Курт закрывает дневник и укладывается. Долго возится, пытаясь поудобнее устроить свои длинные ноги, зевает и что-то бормочет, уже задремывая. Капитан полирует винтовку. Как обычно, он вызвался быть дежурным и, как обычно, никого не спросил.
— Капитан, — тихо зовёт его Четвёртая. — Мир затихает. Слушает нас. Этот город, он не мёртвый…
— Мёртвый или нет, он, мне кажется, нам не опасен.
— Он что-то ждёт. Здесь скоро что-то случится.
— Интуиция?
— Запахи. Что-то горелое.
— Ложись-ка спать.
— Не хочу.
Лучик видит во сне золотые поля своей родины. И пламя, их сжирающее. Пламя звалось человеческими именами, стреляло из дышащих паром орудий и бранилось на грубом чужестранном языке — в ту эпоху, когда чужие языки действительно были чужими и непонятными. Её оно тоже обожгло. И себя самое, как ни странно. Рука рядом лежащего нашаривает её ладонь во сне и бессознательно сжимает. Это просто тепло, не огонь, не ожог. Это — хорошо, и потому она спокойна.

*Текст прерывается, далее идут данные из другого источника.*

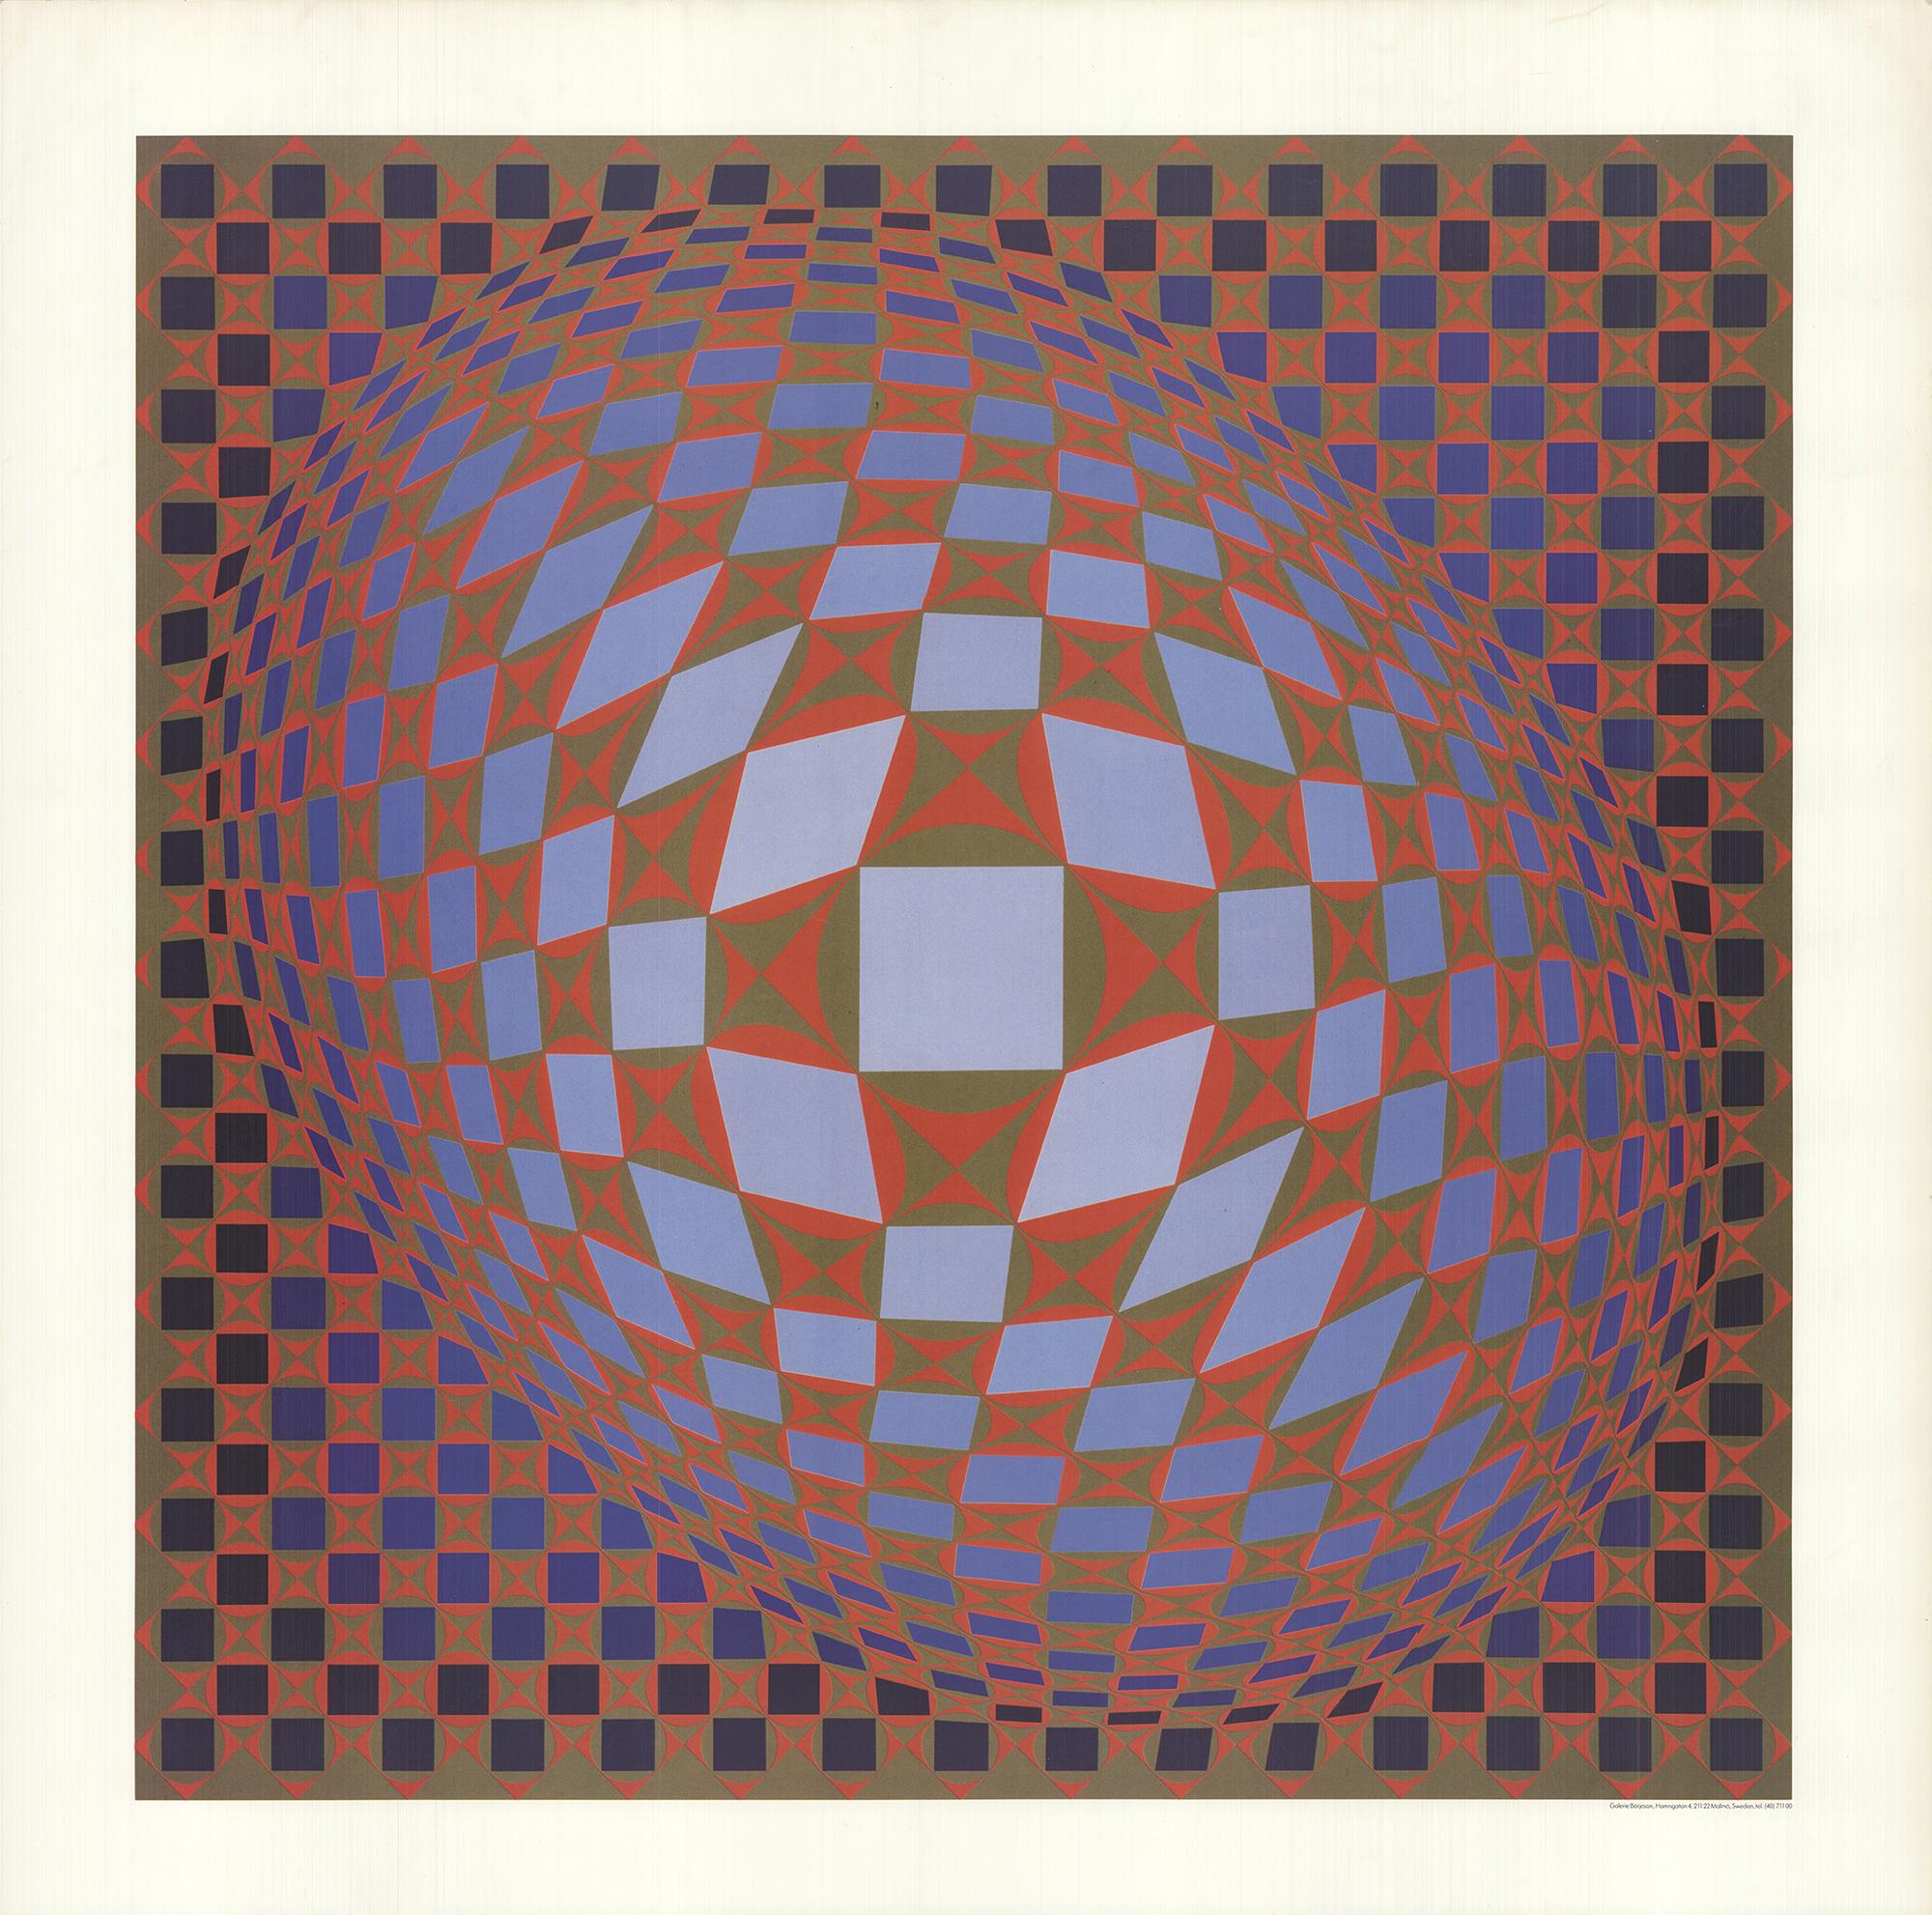 This geometric representation was produced by Victor Vasarely who is credited with having founded the "Op Art" movement of the 1930s and published by Borgeson Galerie for an exhibition.

— Дети, — шепчет Четвёртая. Сама практически одного с ними возраста, она глядит на спящих усталыми глазами. — Друзья. Завидую. У вас всё просто.
Капитан делает вид, что не слышал.
Он мог бы сказать, что ни у кого из тех, кто бы единожды выдернут, никогда больше не будет «просто». Старое никуда не девается, даже если его позабыть, попытаться отвергнуть, уверить себя, что не помнишь, и утверждать это перед другими. Что есть болезнь излечимая — одиночество извлечённого, а есть нет: извлечённых же ложь. И этим страдает каждый Идущий, даже если он и правда сначала не помнит, что было с ним до выдёргивания. Потому что память всегда возвращается. Позже или раньше, но ко всем без исключения, и делает неприятно, даже больно. Каждый дар берёт за себя плату.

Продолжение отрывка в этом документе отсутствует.